### Exercise material
-.-.-
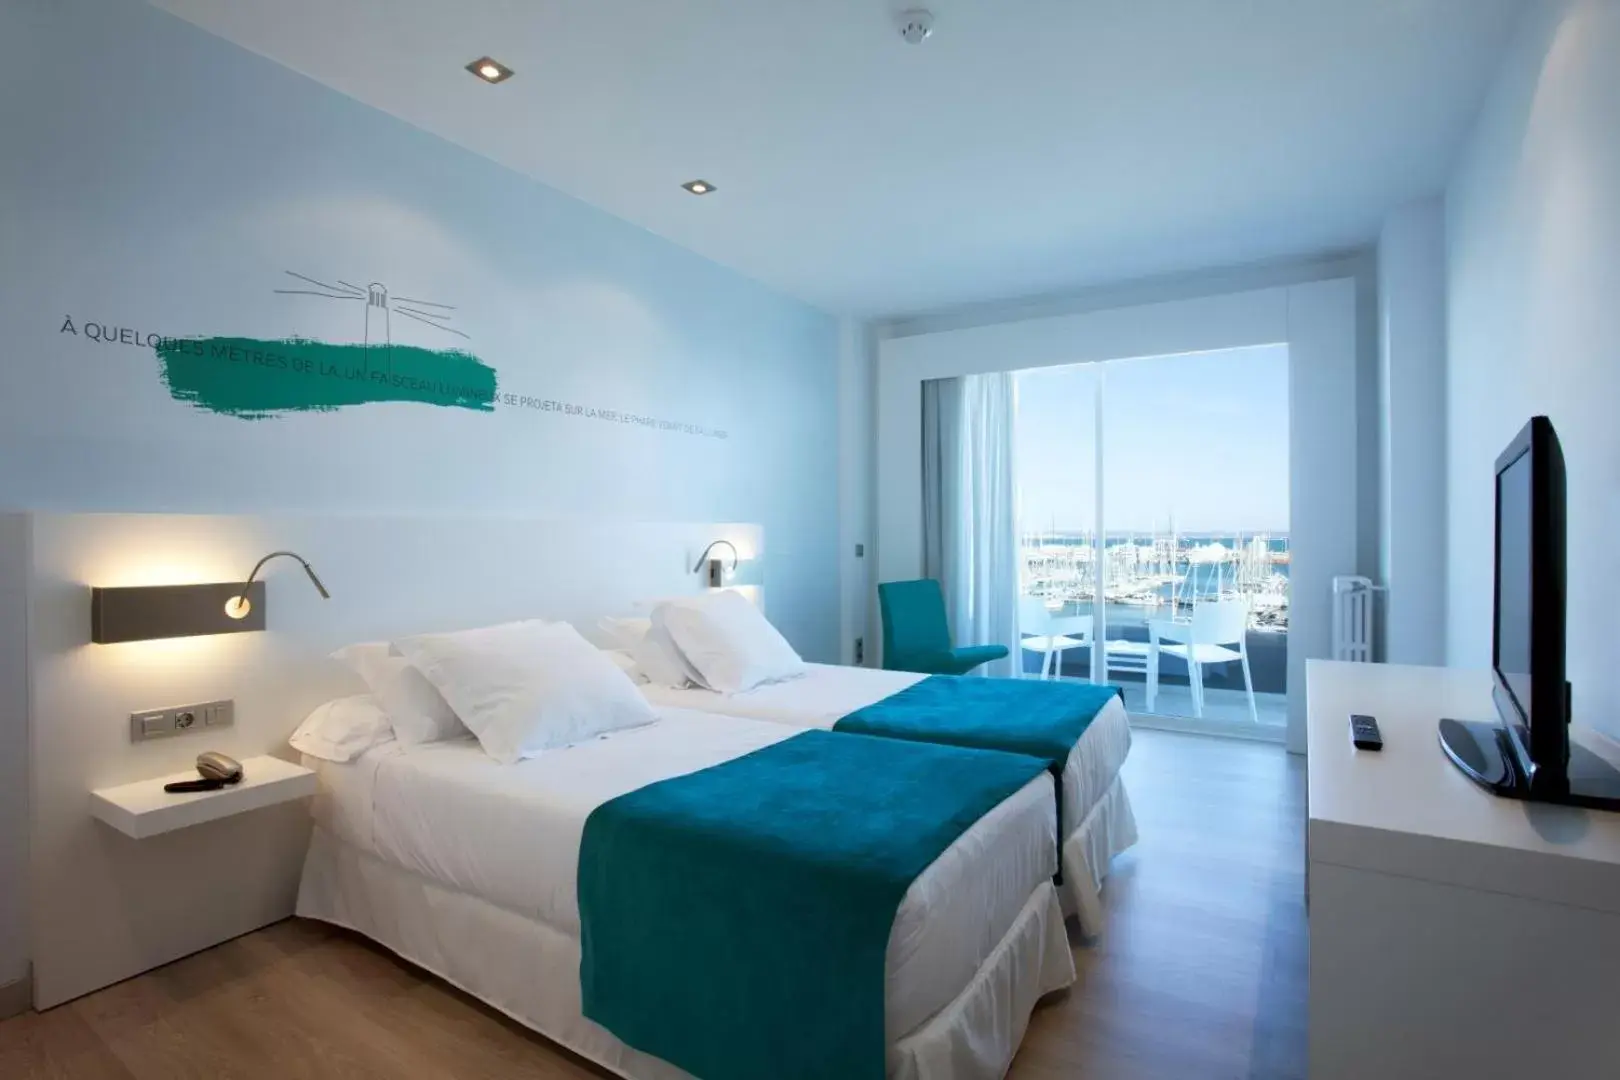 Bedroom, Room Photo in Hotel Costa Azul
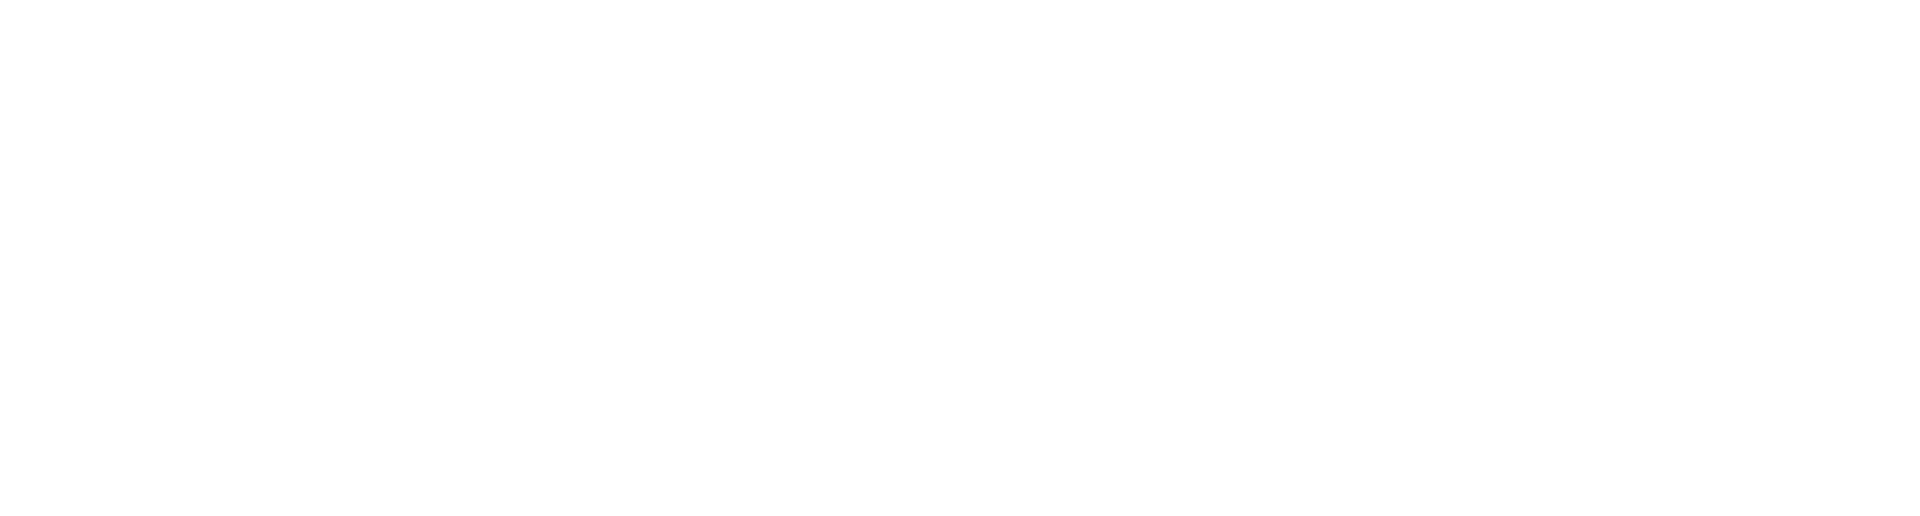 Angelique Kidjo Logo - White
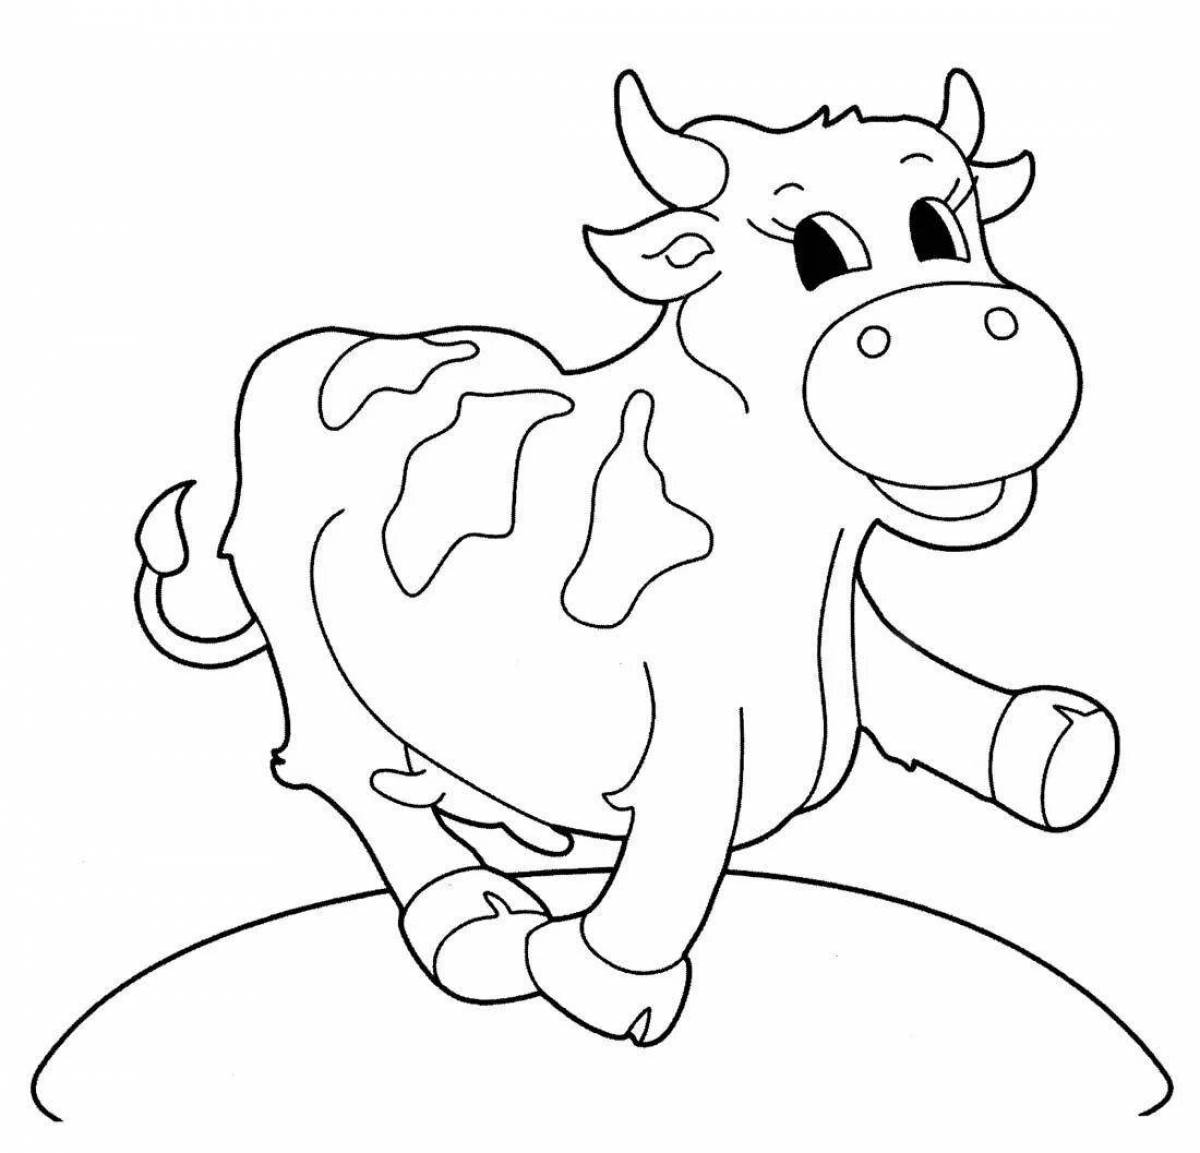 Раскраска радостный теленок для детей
-.-.-
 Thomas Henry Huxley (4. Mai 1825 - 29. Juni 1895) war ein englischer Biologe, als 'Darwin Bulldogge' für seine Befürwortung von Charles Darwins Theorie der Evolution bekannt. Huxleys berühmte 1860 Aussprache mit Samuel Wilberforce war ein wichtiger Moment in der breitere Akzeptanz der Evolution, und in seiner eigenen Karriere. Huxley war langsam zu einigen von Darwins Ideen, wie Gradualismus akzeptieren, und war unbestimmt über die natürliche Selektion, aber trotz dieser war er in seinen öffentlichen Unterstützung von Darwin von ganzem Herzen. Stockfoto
-.-.-
### What is expected
Within the listing above, find the line containing "Bedroom, Room Photo in Hotel Costa Azul" and the line containing "Раскраска радостный теленок для детей". Transcribe them and everything between them exactly, leaving out the pictures.

### Your response
 Bedroom, Room Photo in Hotel Costa Azul
 Angelique Kidjo Logo - White
 Раскраска радостный теленок для детей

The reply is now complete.